I double-checked it again with your test on different setups and page sizes I
don't see the regression you are seeing: the bare-metal numbers are
flat-to-positive at your size.
I couldn't get my hands on a Sapphire Rapids box easily, so the bare-metal runs
are on a Cooper Lake Xeon (the same class I used for the cover letter) and
NVIDIA Grace (arm64). Both hosts are completely idle.
1) X86 test
CPU: Intel(R) Xeon(R) Platinum 8321HC @ 1.40GHz (Cooper Lake)
1 socket / 26 cores / 2 threads = 52 CPUs
L3 35.8 MiB (1 instance), single NUMA node (0-51)
max freq == base 1.40GHz (no turbo), so the clock is steady
Bare metal, Intel(R) Xeon(R) Platinum 8321HC, your pipen.c
(writer on CPU0, reader on CPU1 -- separate physical cores, same
socket, shared L3), blocking pipe, 12 x 8s per point, median MB/s:
PIPEN_SIZE baseline patched delta
4096 2658 2531 -4.8% (noise?)
32678 3517 3527 +0.3% (your size -- flat)
65536 3072 3358 +9.3%
4096 is a single-page write that barely touches the pool; the swing
there is inside the run-to-run variance (sd ~100 MB/s on a ~2600
median), so I read it as neutral, not a regression.

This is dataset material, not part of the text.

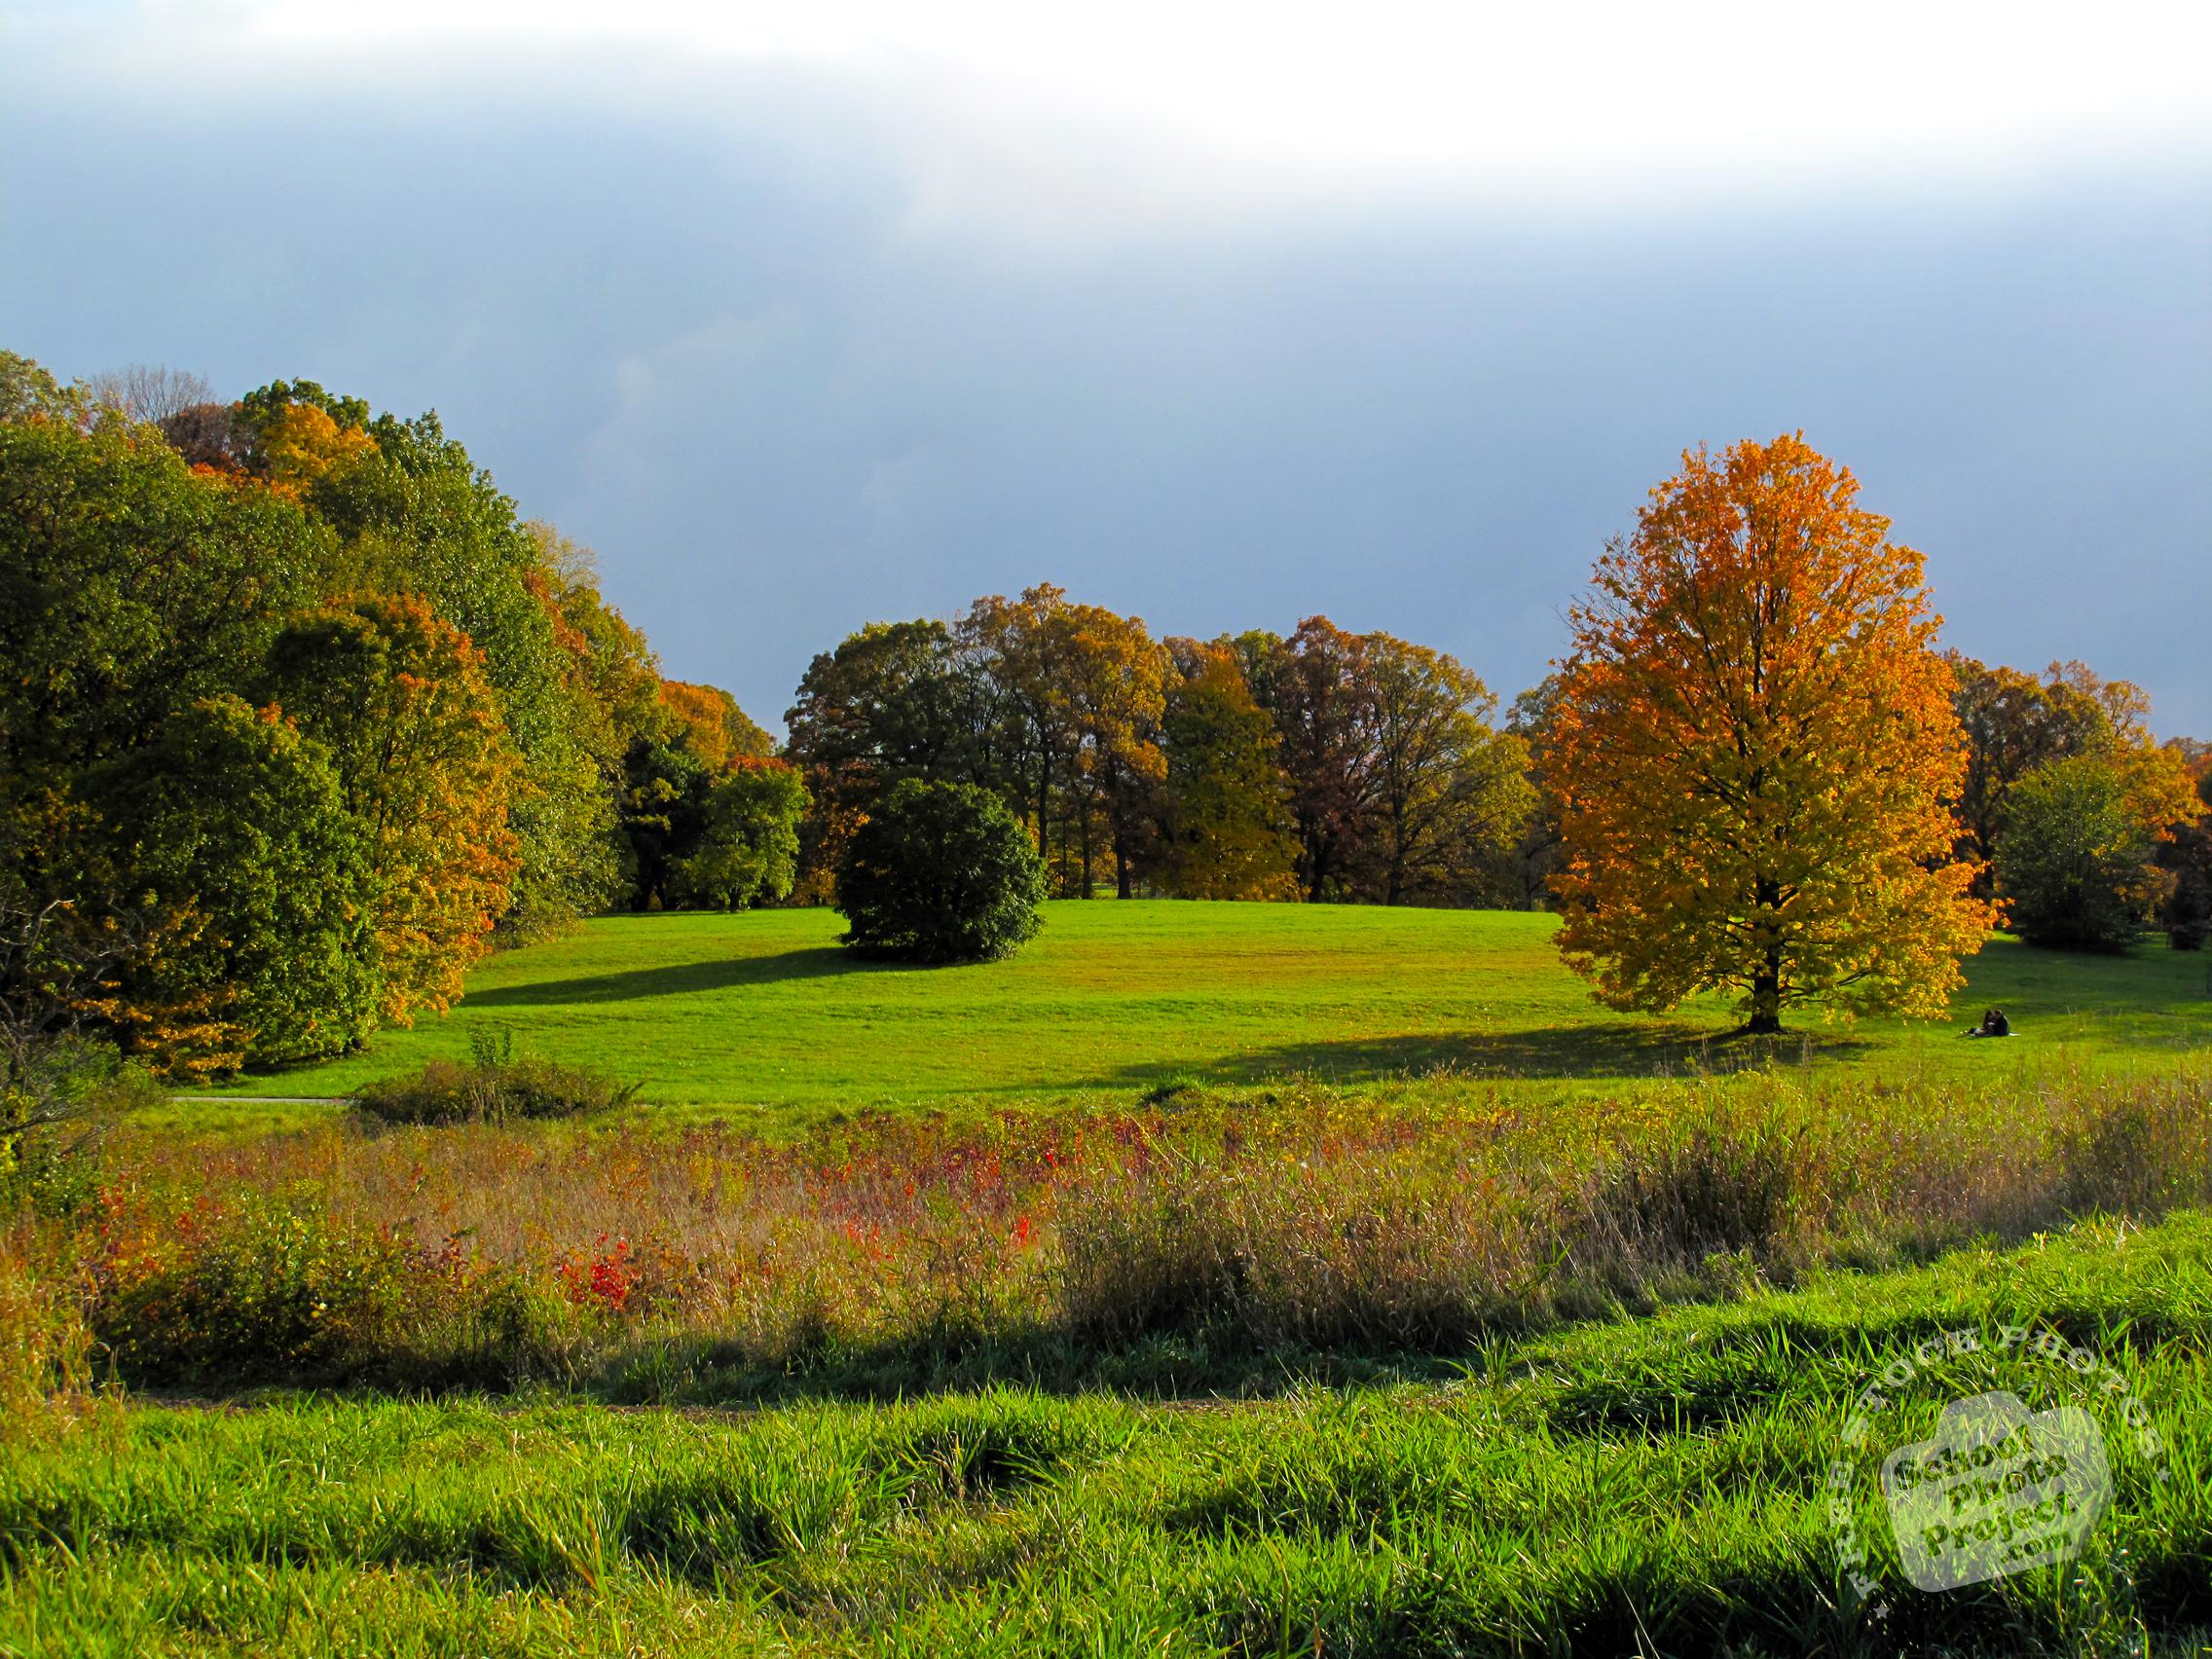 FREE Autumn Scenery Photo, Fall Foliage Picture, Beautiful Panorama ...

At 32678/65536
the variance is small (sd 18-58 MB/s), so those deltas are real.
2) Arm64 test:
Machine / build:
- NVIDIA Grace (Neoverse-V2), 72 cores, 1 socket, no SMT,
single NUMA node, ~256 GB RAM
- Kernel using 64k pages.
Results (baseline vs patched):
PIPEN_SIZE pages baseline patched delta regime
65536 1 17759 17683 -0.4% want=1 → pool covers it, NO extra lock (no-op)
131072 2 17583 19734 +12.2% prefill + extra lock taken
262144 4 18781 21017 +11.9% prefill + extra lock taken
524288 8 19061 20886 +9.6% = pool max; == Similar to Guzik's 32678 (8 pages)

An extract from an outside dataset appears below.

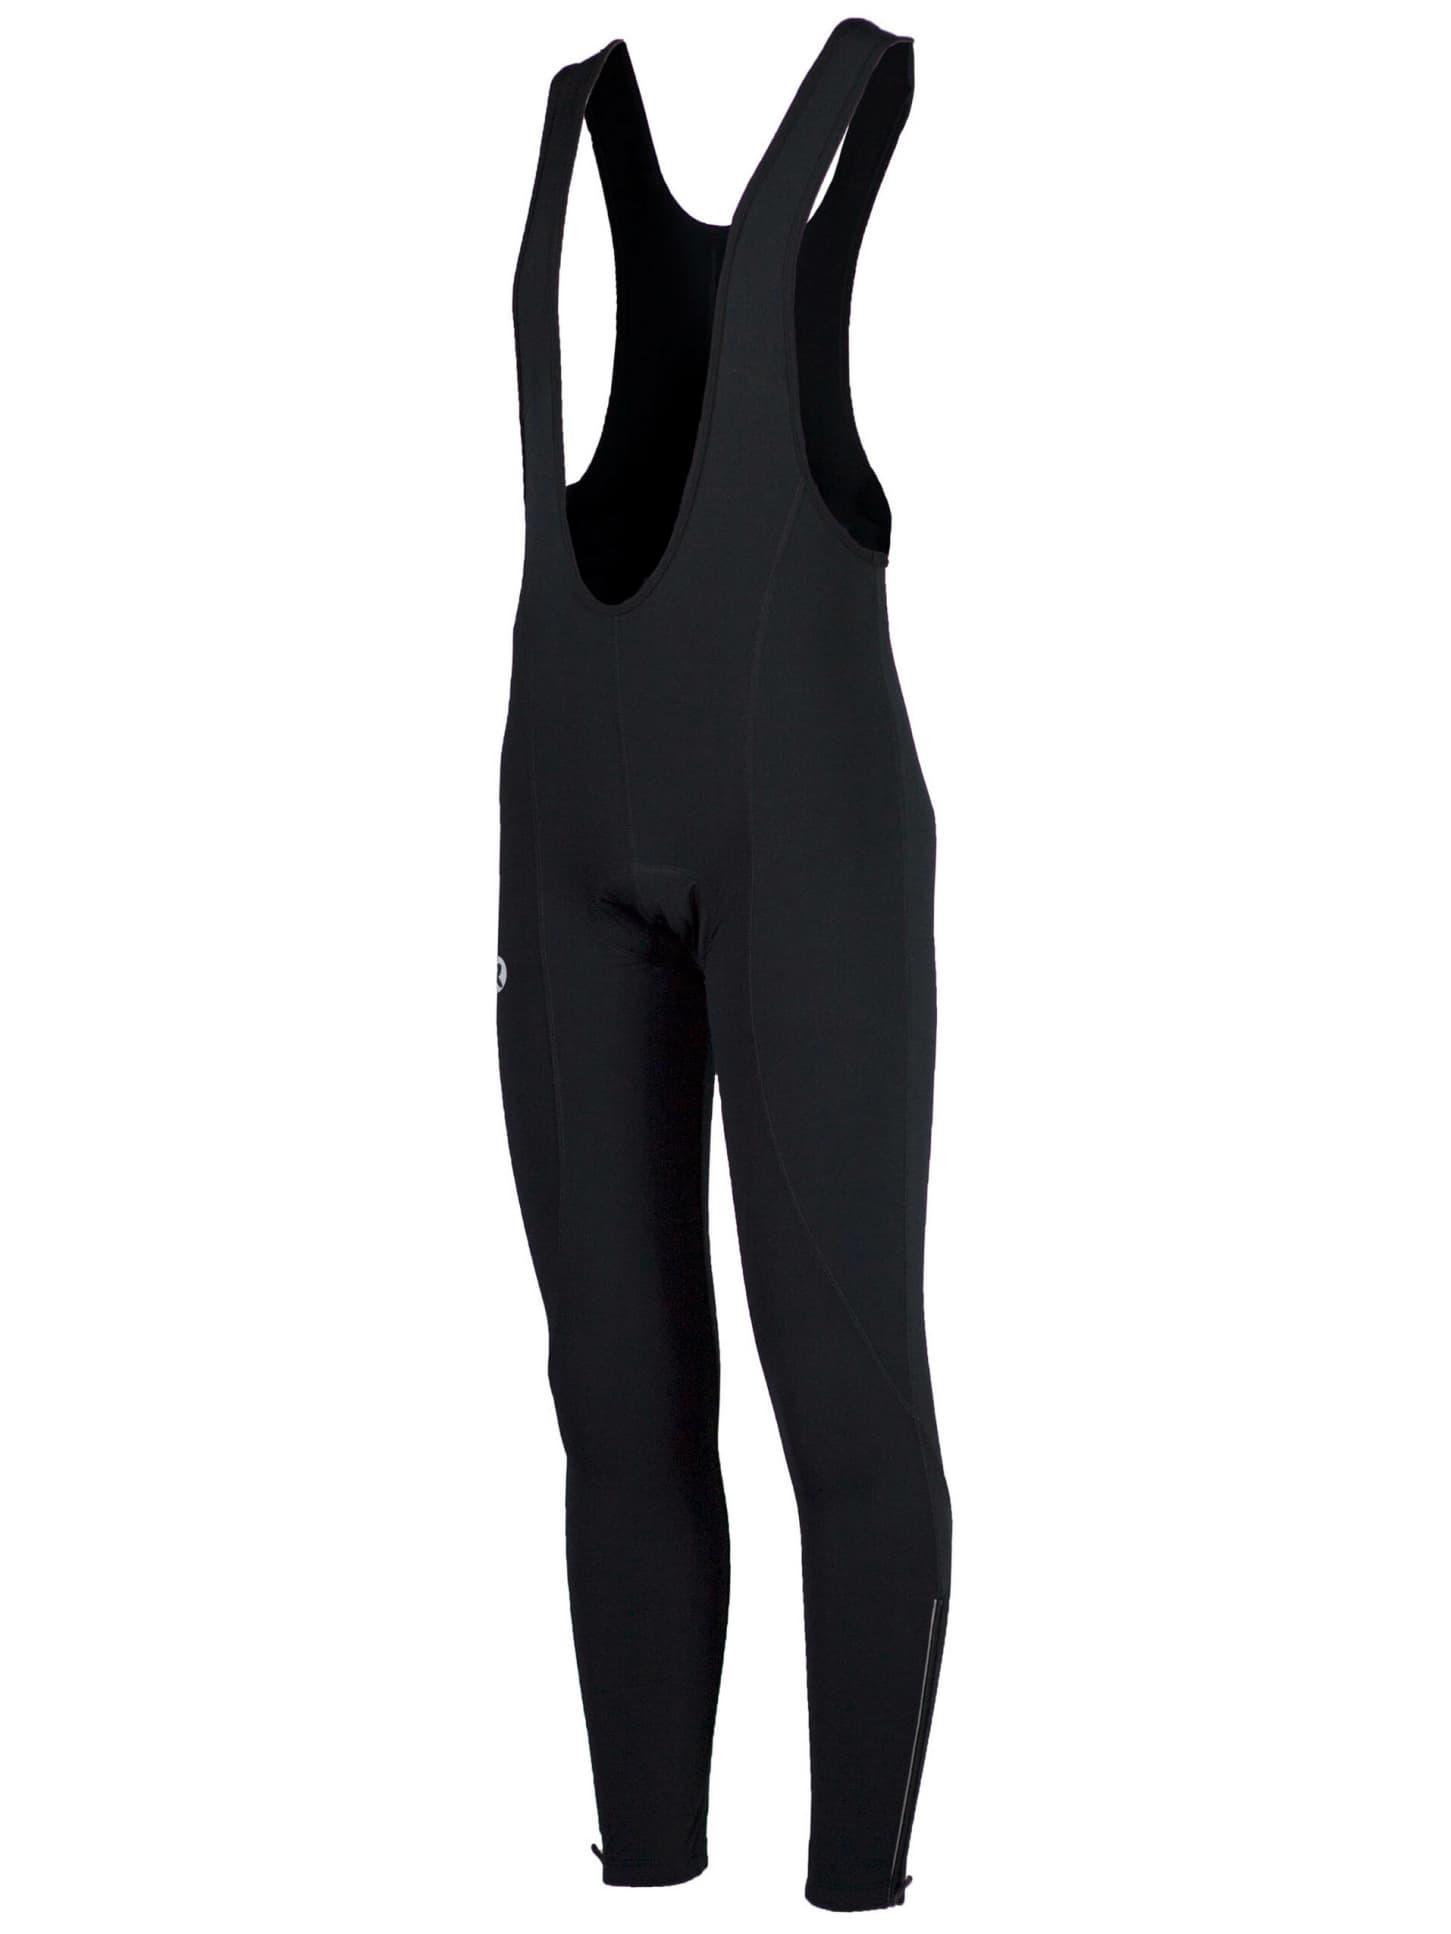 d2842f671ffea Zateplené cyklistické nohavice Rogelli TAVON, čierne | Rogelli.sk

1048576 16 16842 17110 +1.6% pool overflows; == Guzik's 65536 (16 pages)
Both tests with:
Kernel: linux-next 20260623 base, production .config
(no KASAN / LOCKDEP / DEBUG_* / nothing useless), baseline vs the
full series, both built with clang, coexisting in grub
Test: your will-it-scale test (pipen.c), PIPEN_SIZE=32678, -t 2
(1 writer + 1 reader on separate cores);
performance governor, writer and reader pinned to two cores
You're right that there is an extra lock/unlock in the prefill path, so
I don't want to wave your result away -- may it be specific to SPR's
topology/cache?
I'll also keep trying to grab a Sapphire Rapids machine so I can run your
will-it-scale case directly on the same uarch, and check if I can reproduce
it..
Thanks,
--breno
~
next prev parent reply other threads:[~2026-07-08 12:09 UTC|newest]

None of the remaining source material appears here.